| Data shown |
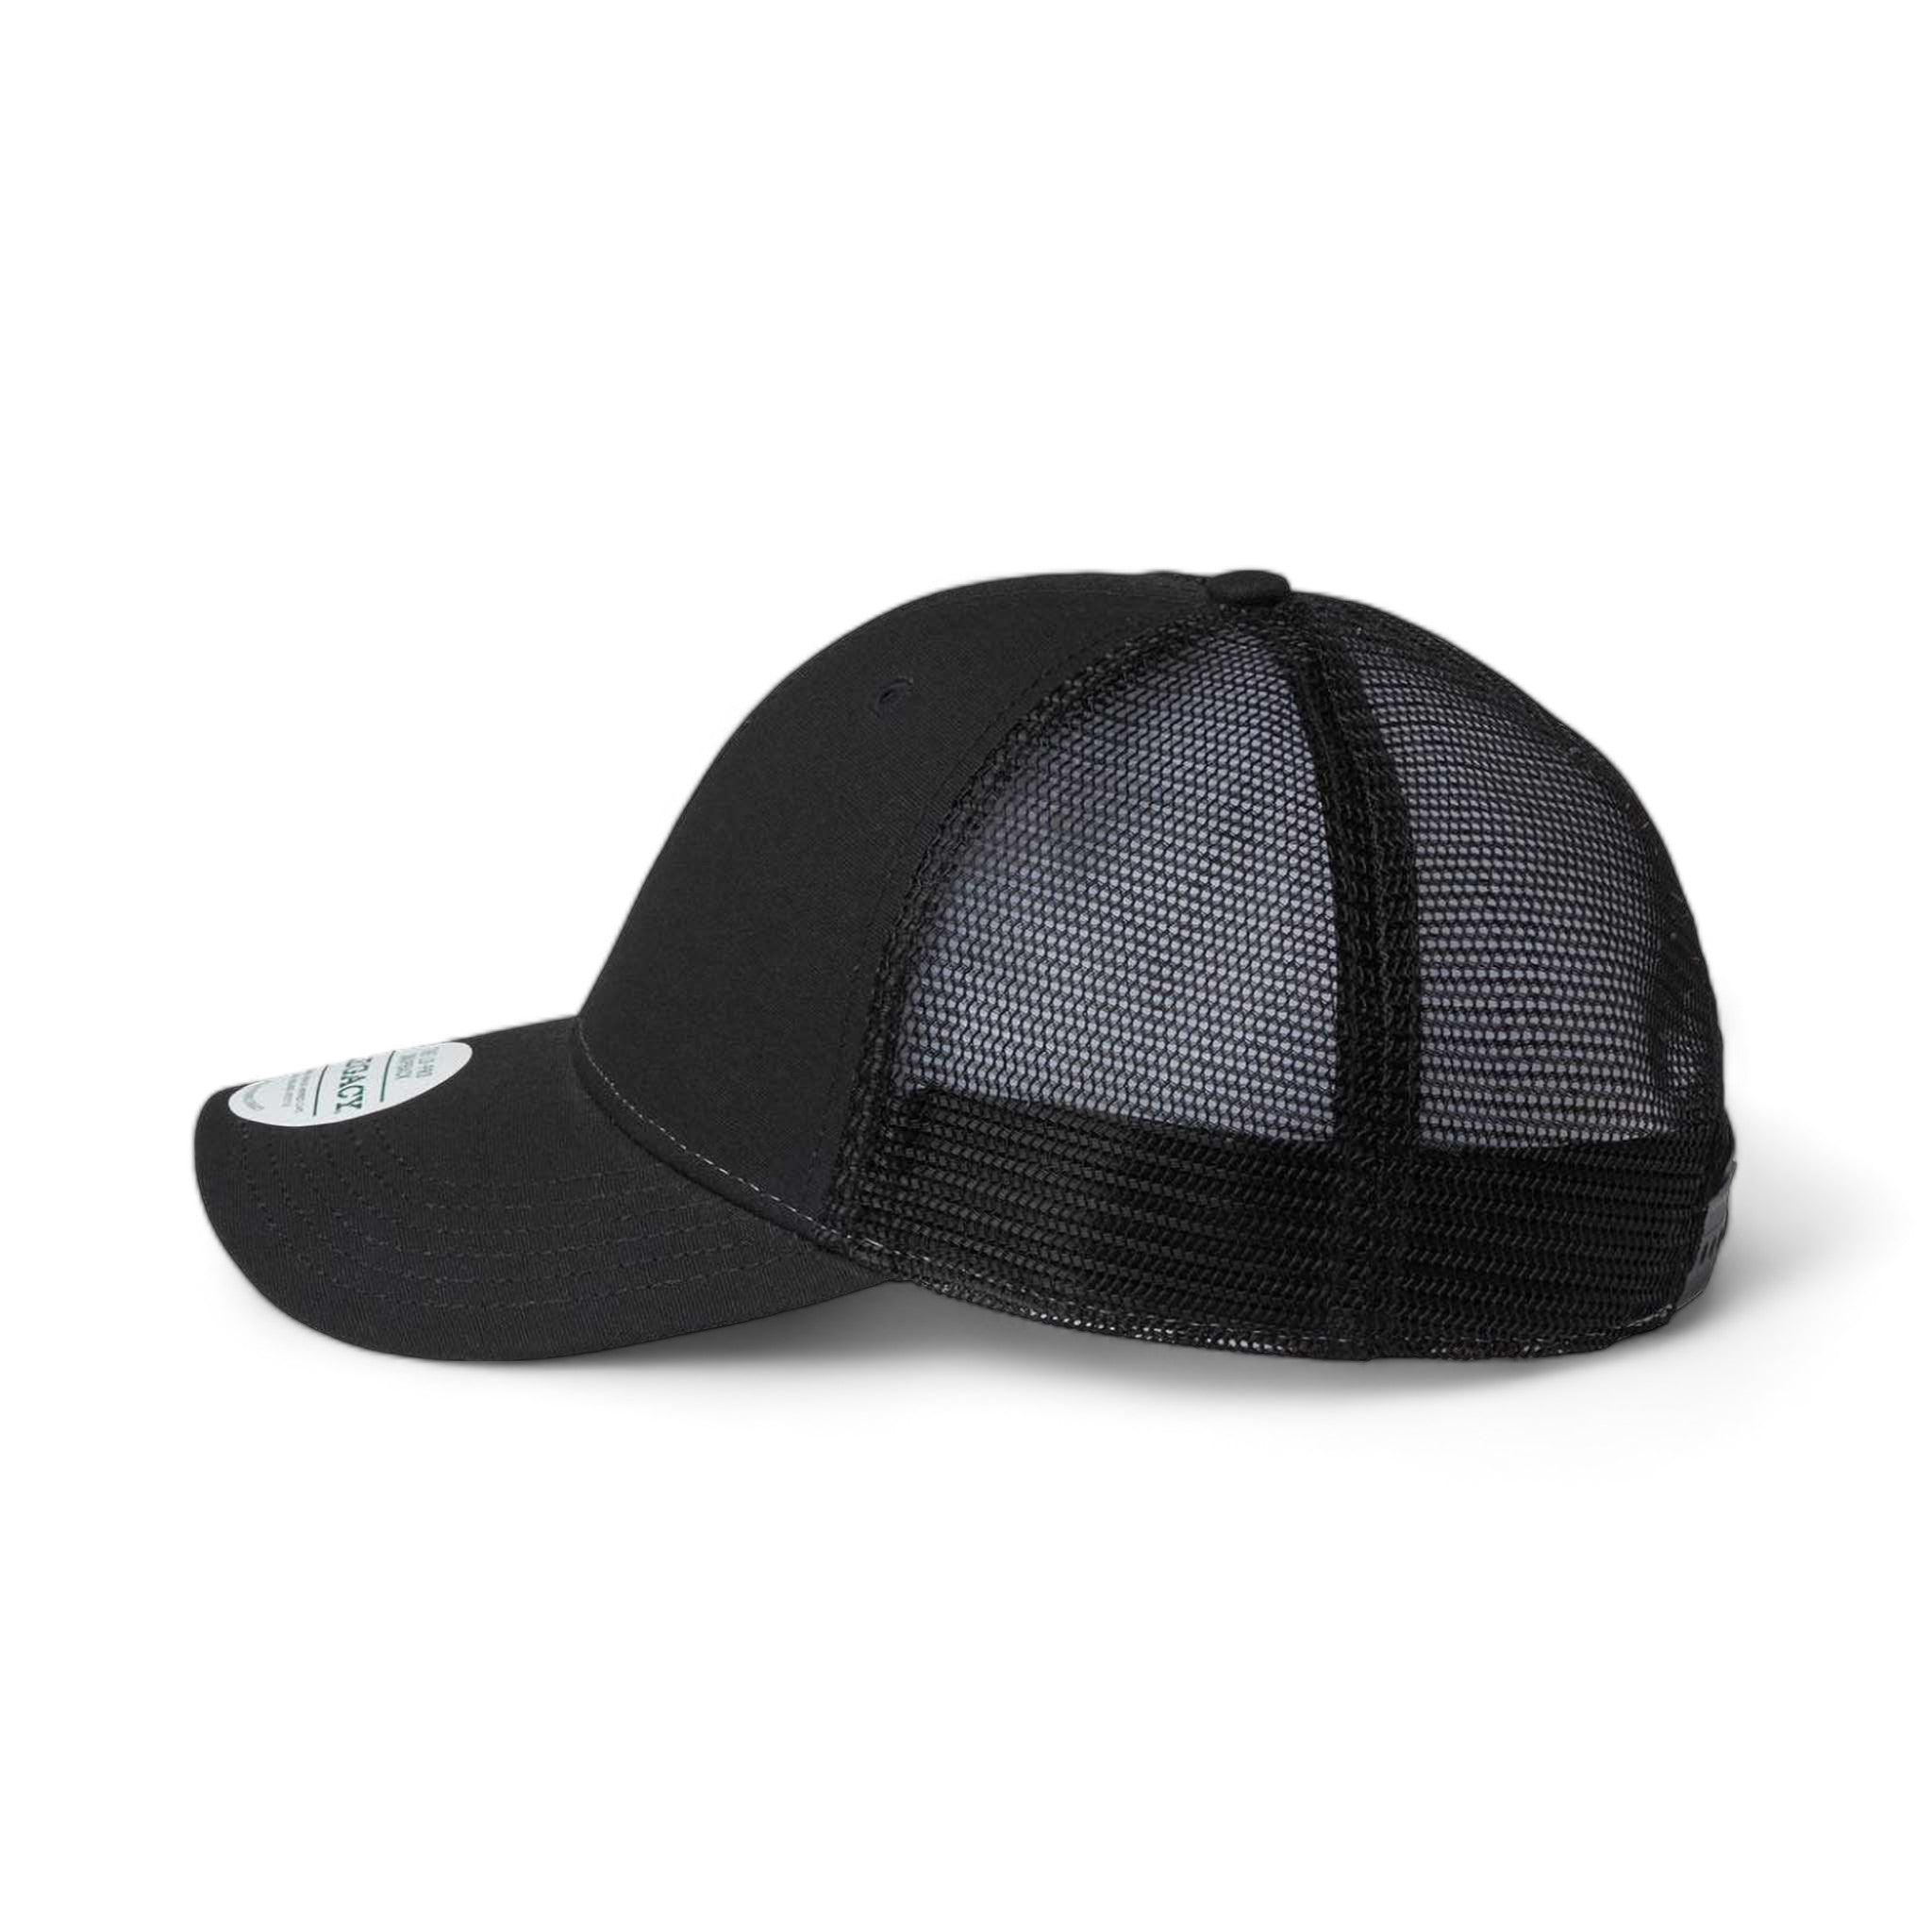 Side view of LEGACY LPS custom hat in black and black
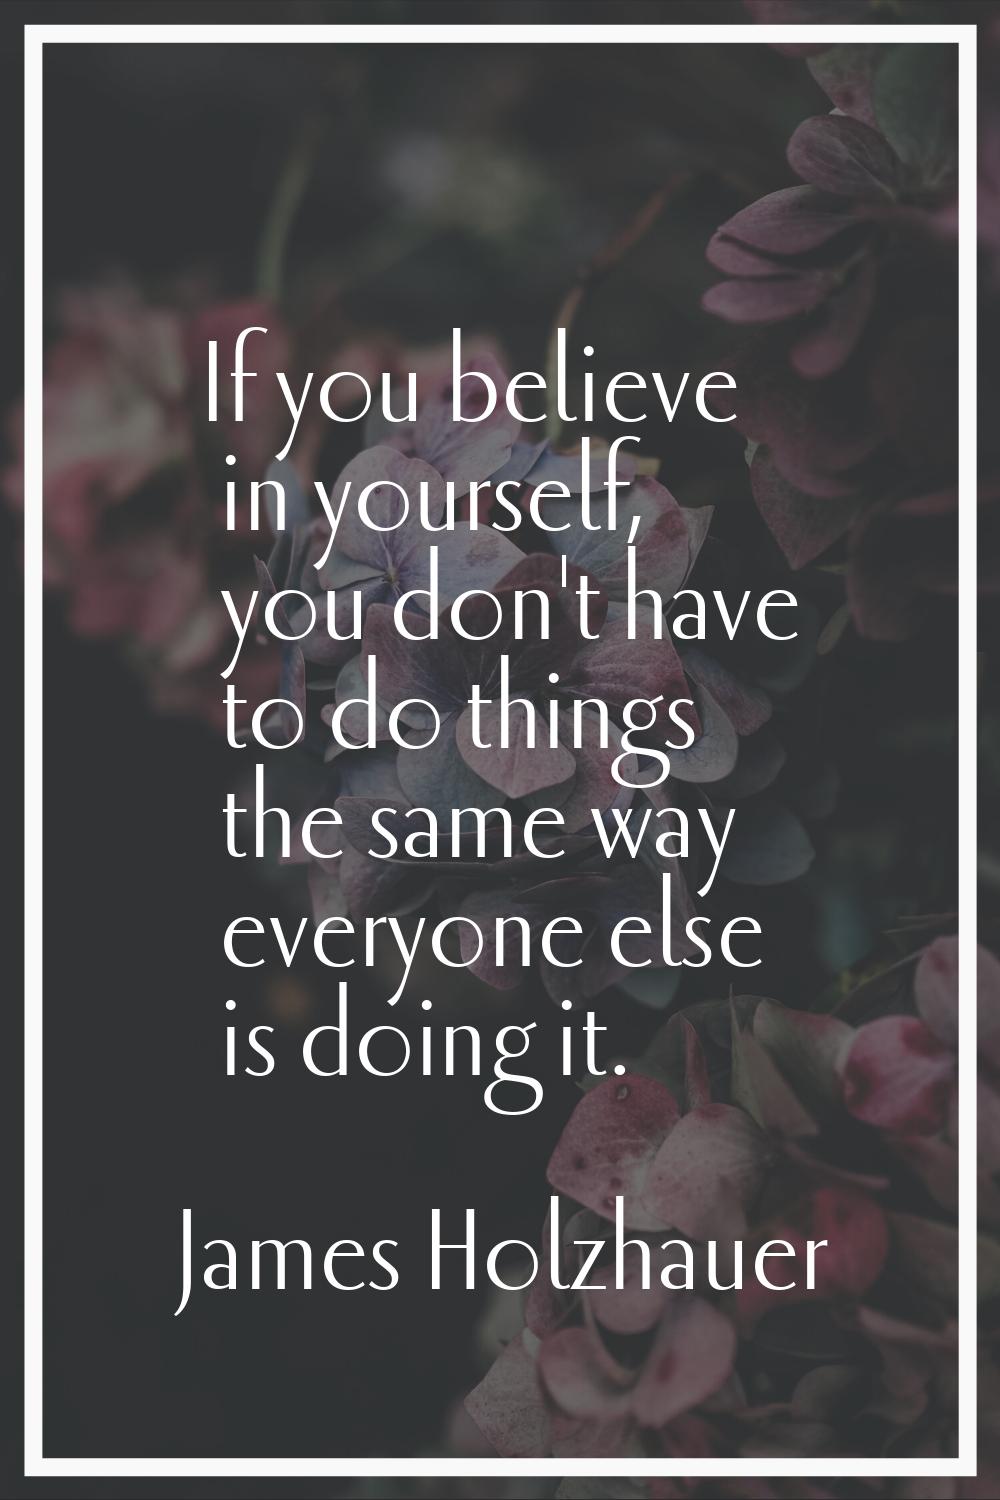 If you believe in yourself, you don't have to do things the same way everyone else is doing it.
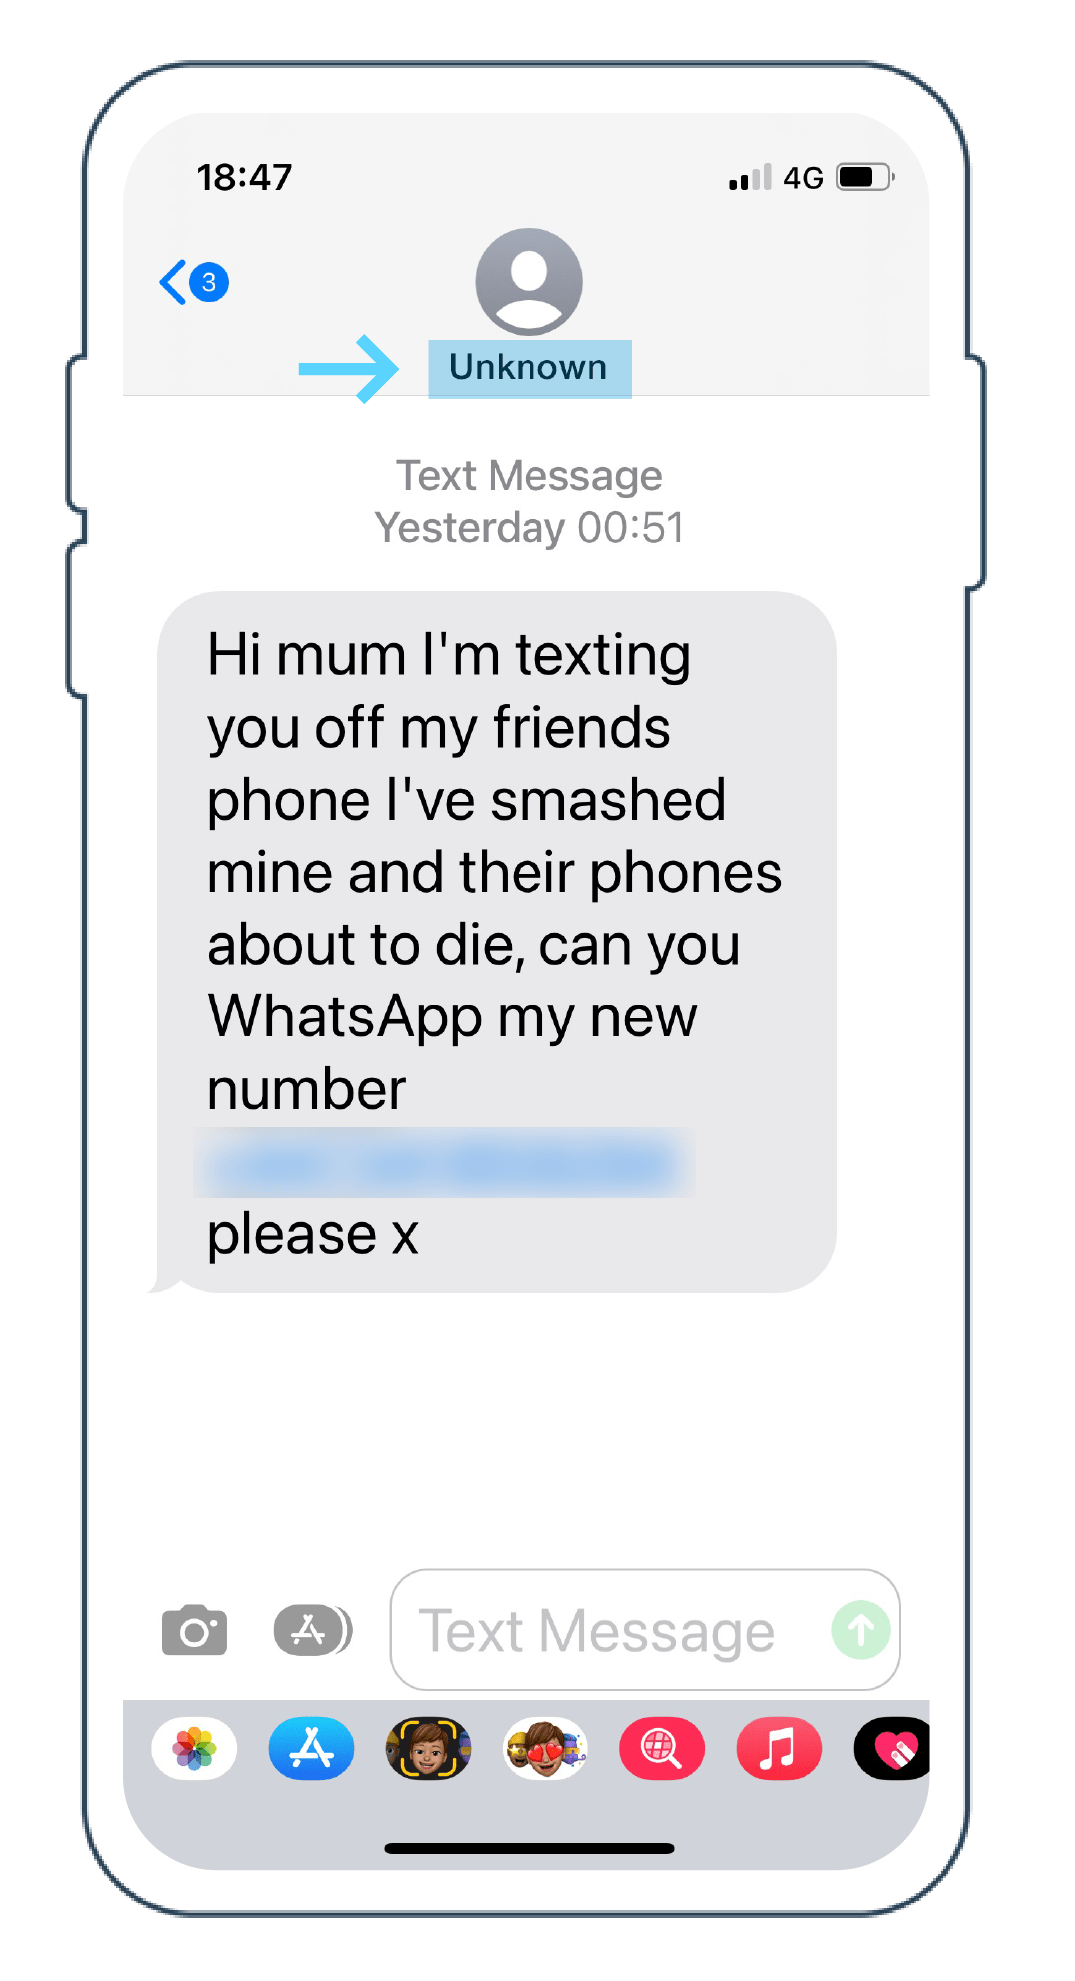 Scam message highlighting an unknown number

| What this task involves |
Leave every picture out. Retype the remaining data exactly.

| Response to the exercise |
 Side view of LEGACY LPS custom hat in black and black
 If you believe in yourself, you don't have to do things the same way everyone else is doing it.
 Scam message highlighting an unknown number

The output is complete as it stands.